Вы когда-нибудь задумывались, почему вселенная так огромна? Почему звёзды так далеки друг от друга, почему между галактиками лежат пустоты, в сравнении с которыми любой земной океан покажется каплей? Я задумывался. Я посвятил этому вопросу тридцать лет своей жизни, изучая окаменелости и слои пород, пытаясь найти в истории жизни на Земле хоть какой-то намёк на смысл, на цель, на великий замысел. И теперь я получил ответ. Вселенная огромна не потому, что так сложились физические законы. Вселенная огромна потому, что ей нужно место, чтобы вместить всю боль.

Карта показывала структуру реальности как бесконечную, многомерную решётку, каждый узел которой был точкой пересечения бесчисленных линий причин и следствий. И в каждом таком узле, в каждой точке, где сходились нити судьбы, возникало напряжение. Это напряжение было тем, что мы, люди, называем страданием. Но наше страдание — лишь ничтожная, микроскопическая частица этого космического феномена. Существа из промежутков, как понял я, глядя на свою карту, были не паразитами и не хищниками. Они были инструментами. Они были теми самыми силами, которые поддерживали напряжение в узлах решётки, не давая ей схлопнуться в безликое, недифференцированное Ничто.

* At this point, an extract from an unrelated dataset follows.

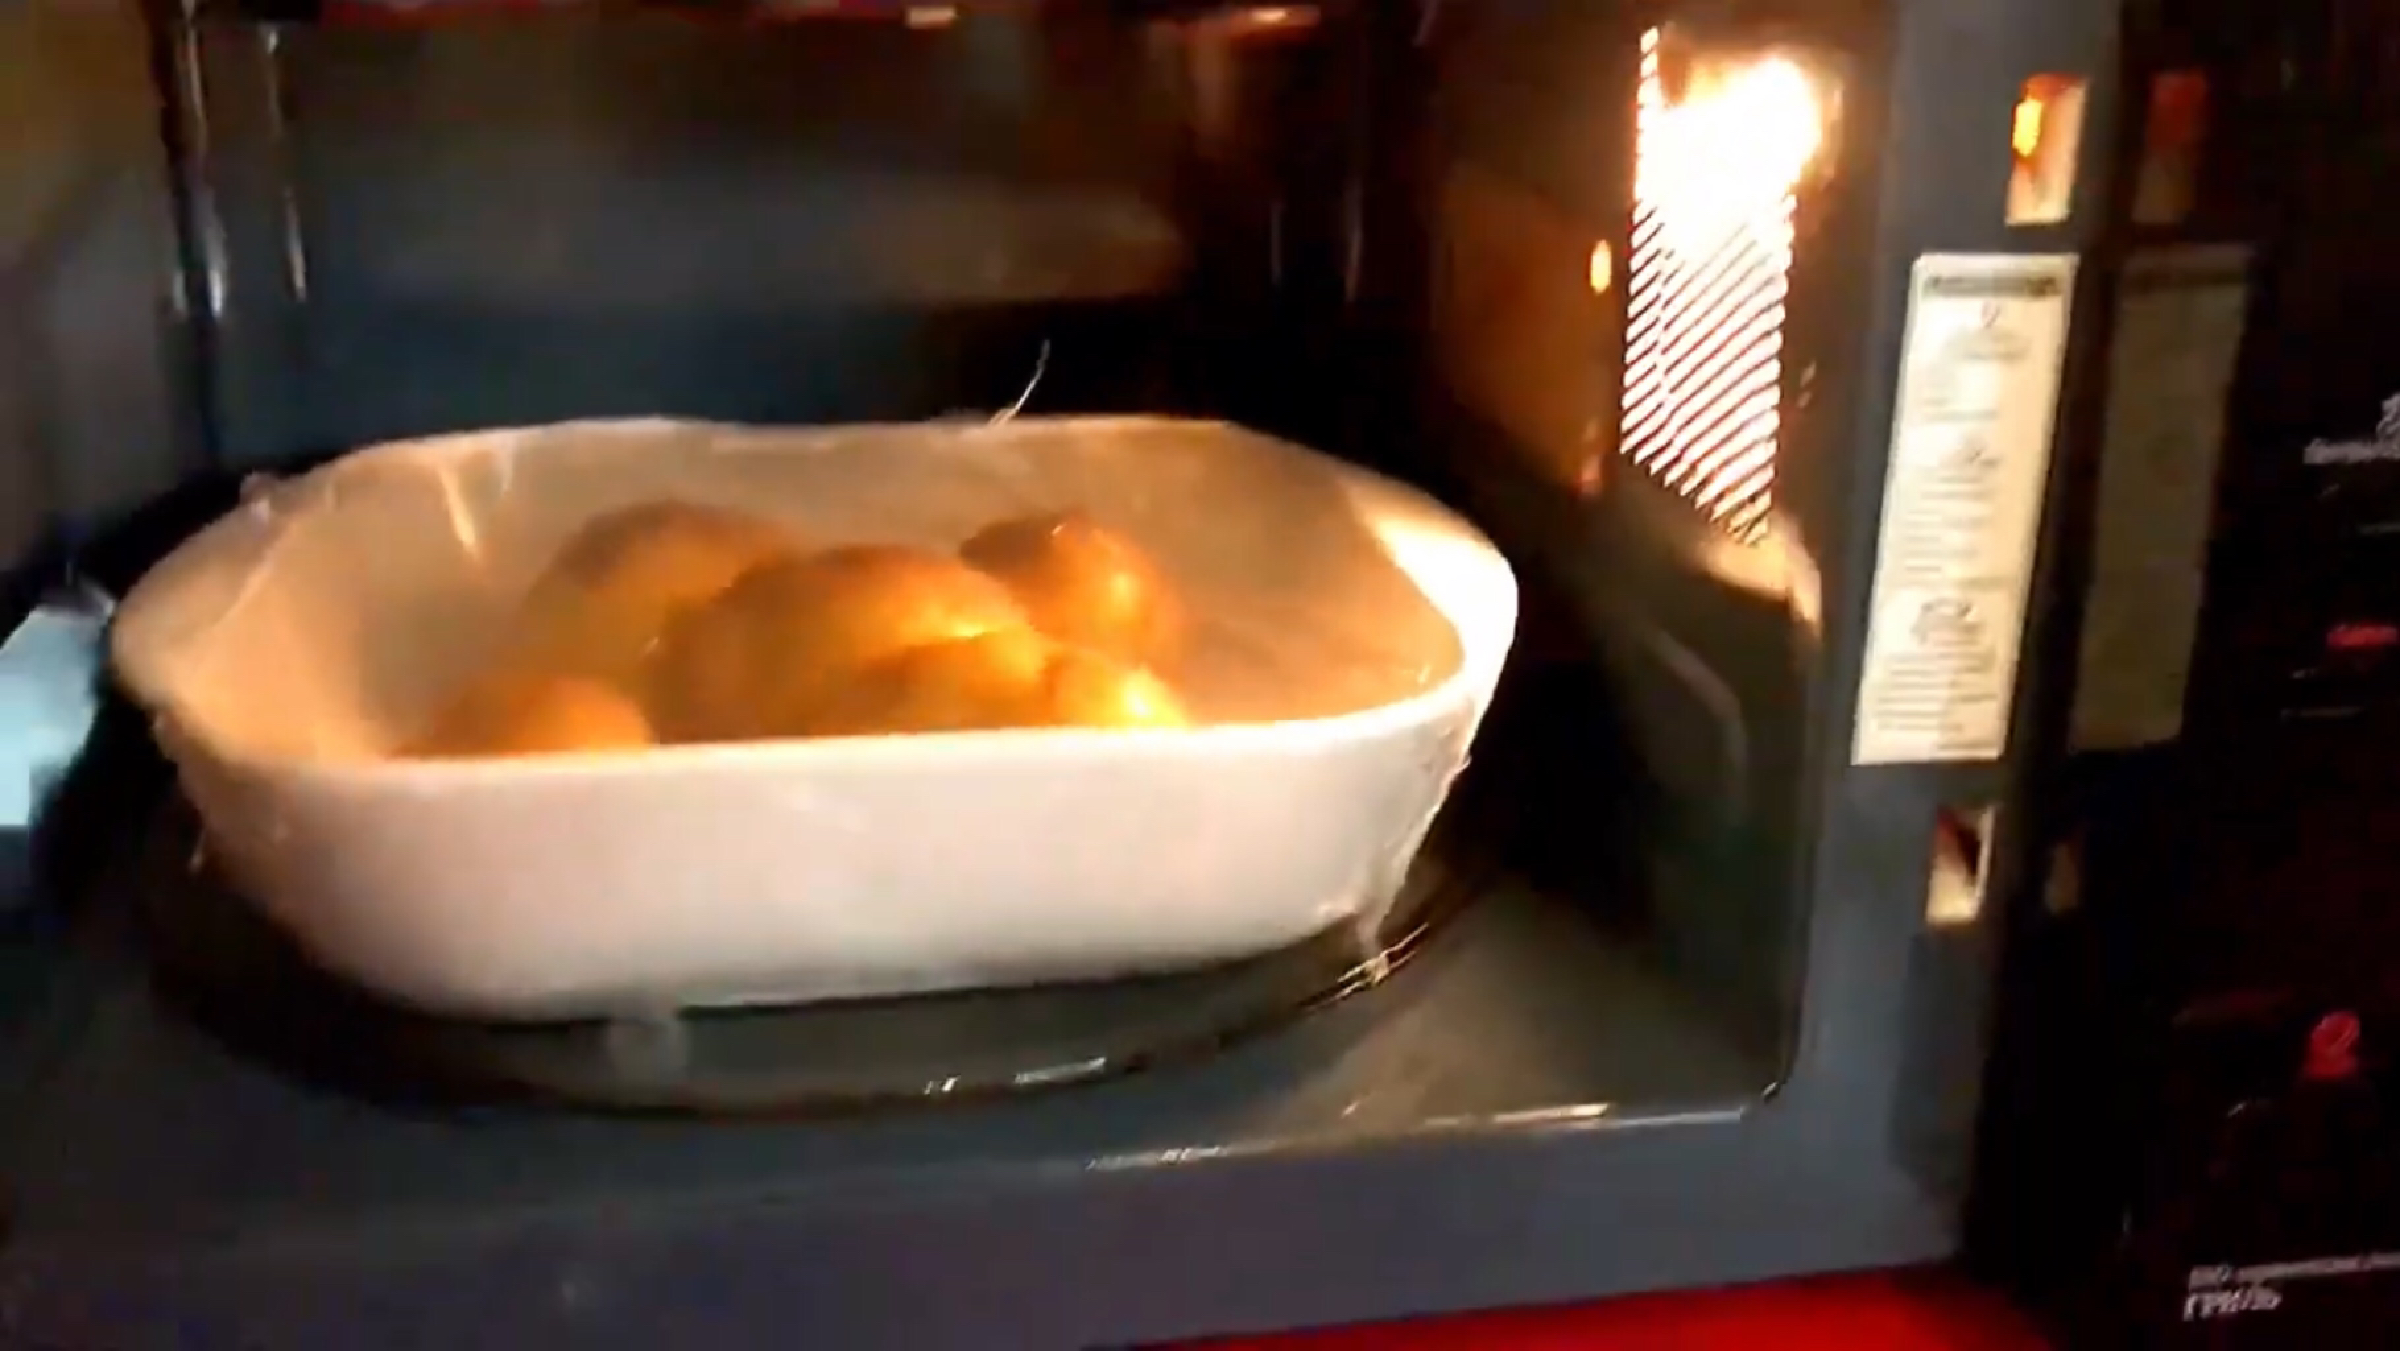 Картошка в микроволновке сколько времени. Картошка в микроволновке. Картошка в микроволновке в пакете. 5 Минут картошка. Сколько готовить картофель в микроволновке по времени.

Без них — без этого постоянного, непрерывного, всепроникающего страдания — вселенная перестала бы существовать. Она бы не взорвалась и не рассыпалась в прах. Она бы просто перестала быть, как перестаёт быть сон, когда вы просыпаетесь. И в этом пробуждении не было бы ничего освобождающего — потому что пробуждение означало бы исчезновение не только боли, но и самого сознания, которое эту боль ощущает. И тогда не осталось бы никого, кто мог бы засвидетельствовать факт этого исчезновения. Абсолютное, полное, безвозвратное ничто. Даже не тьма — потому что тьма есть отсутствие света, а для ничто не существует даже категории отсутствия.

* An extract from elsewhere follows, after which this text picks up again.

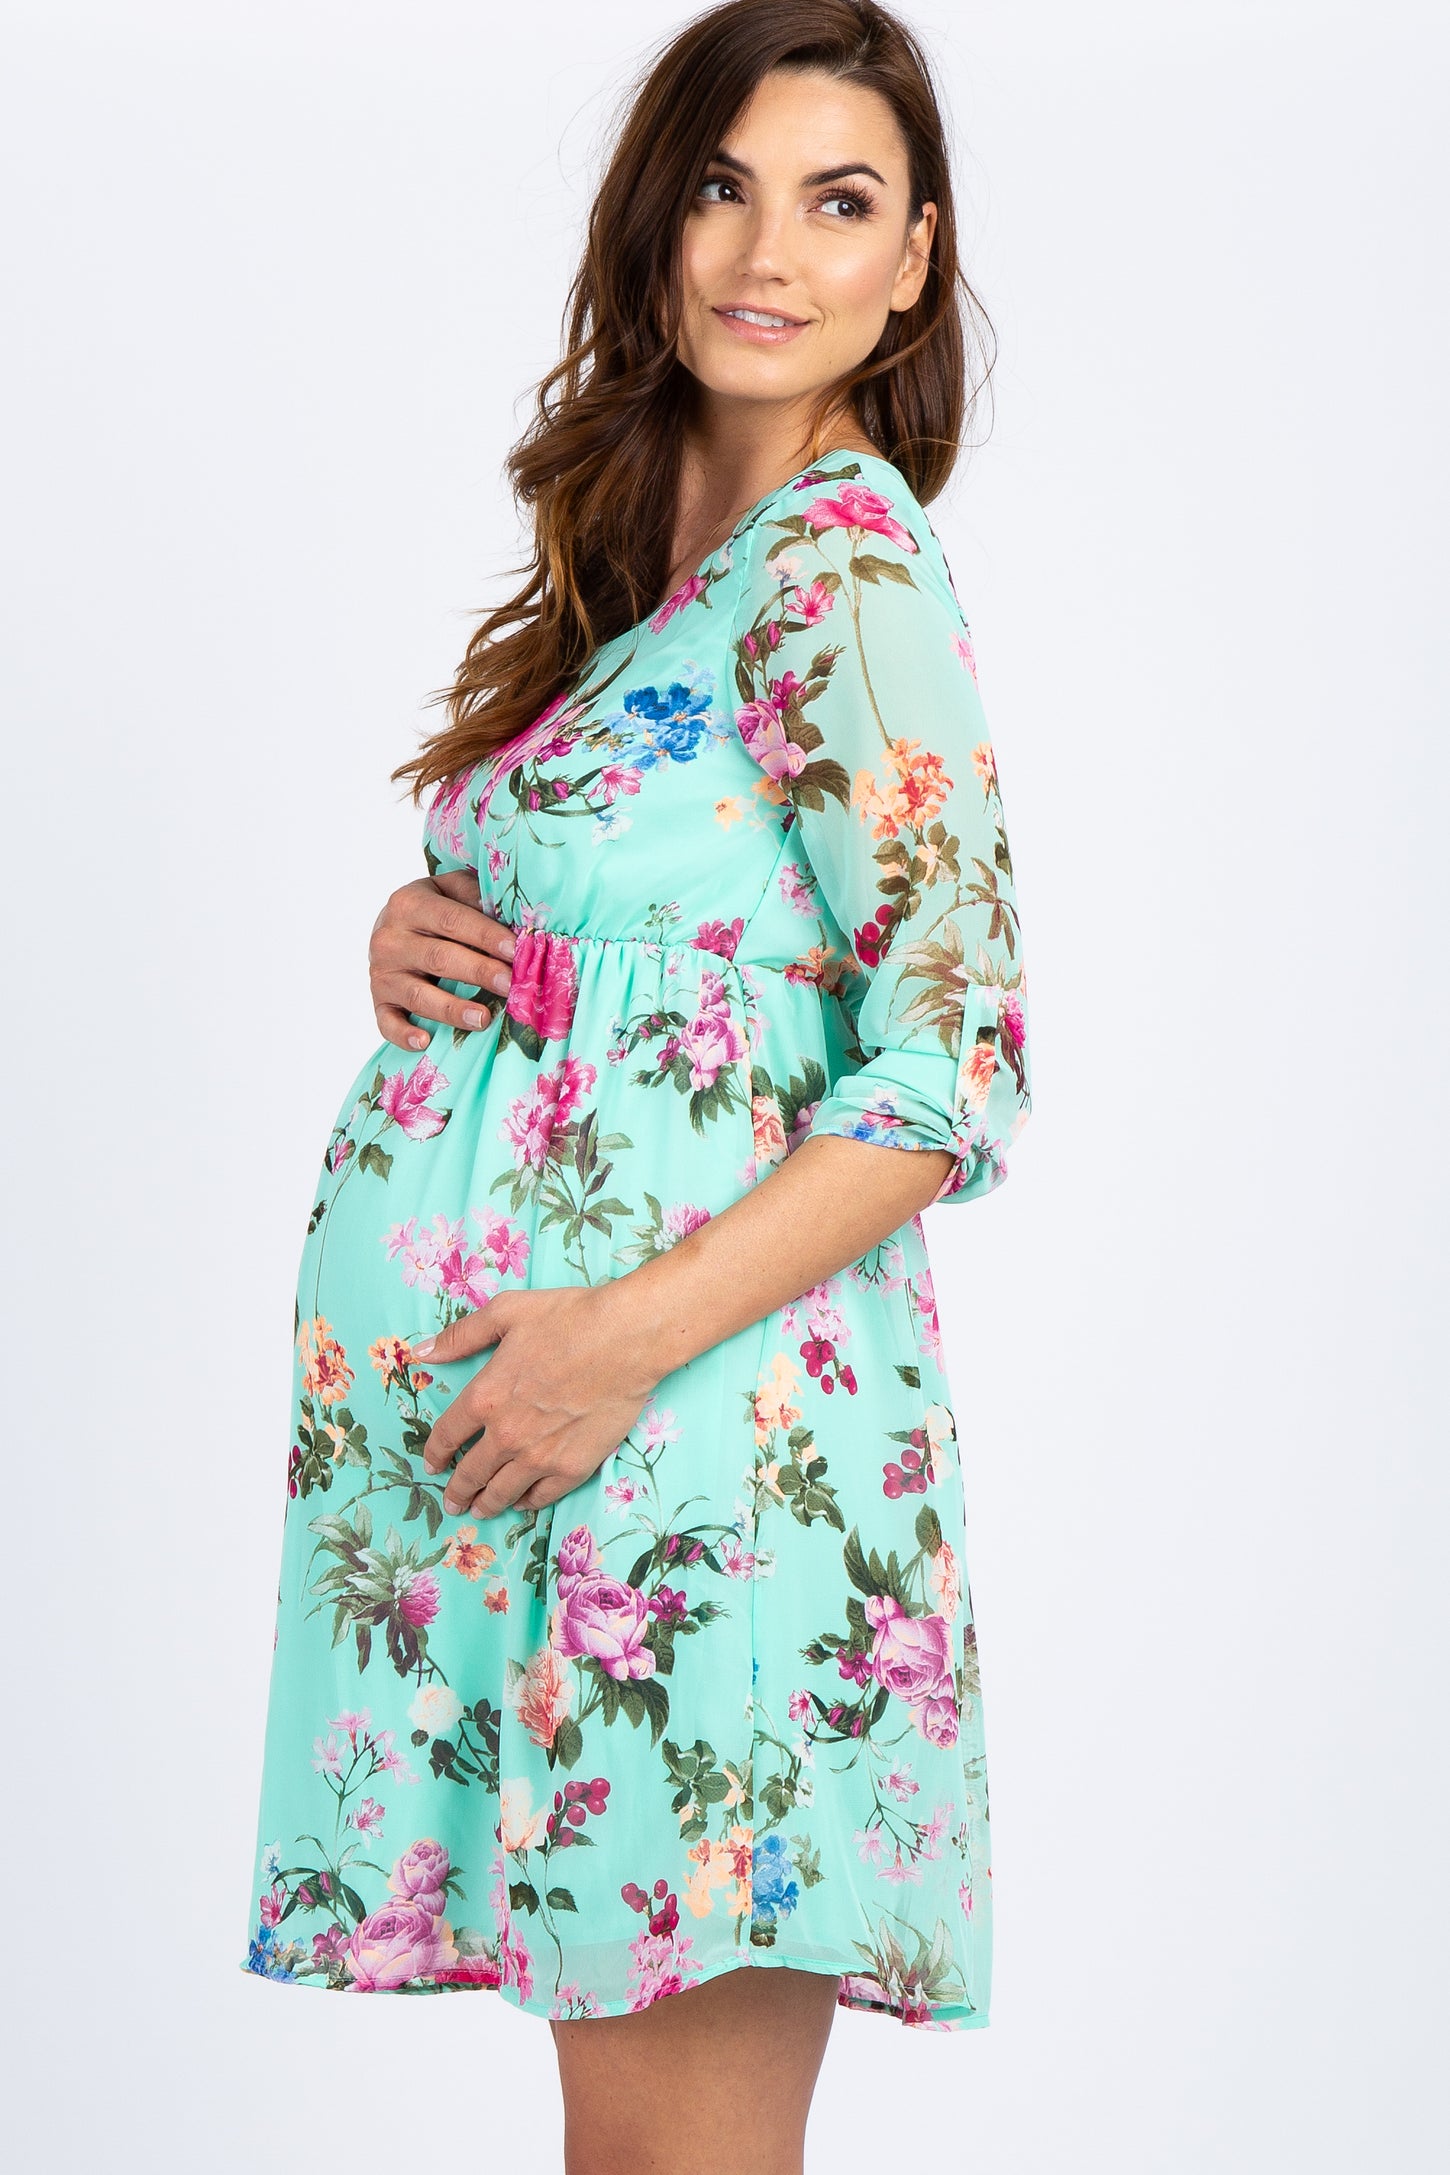 PinkBlush Mint Floral Chiffon Maternity Dress

Вот почему, понял я с леденящей ясностью, вопрос о смысле остаётся без ответа. Не потому, что ответа нет, а потому, что вопрос не может быть услышан. Сама структура реальности устроена так, что страдание — это единственный язык, на котором вселенная говорит сама с собой. И когда человек кричит в муке, он не зовёт на помощь. Он просто вибрирует на той частоте, которая поддерживает существование мира. Он — нота в бесконечной, чудовищной симфонии, которая никогда не закончится и никогда не достигнет кульминации. Она просто длится. И будет длиться вечно, потому что вечность — это единственное, что есть у этой музыки...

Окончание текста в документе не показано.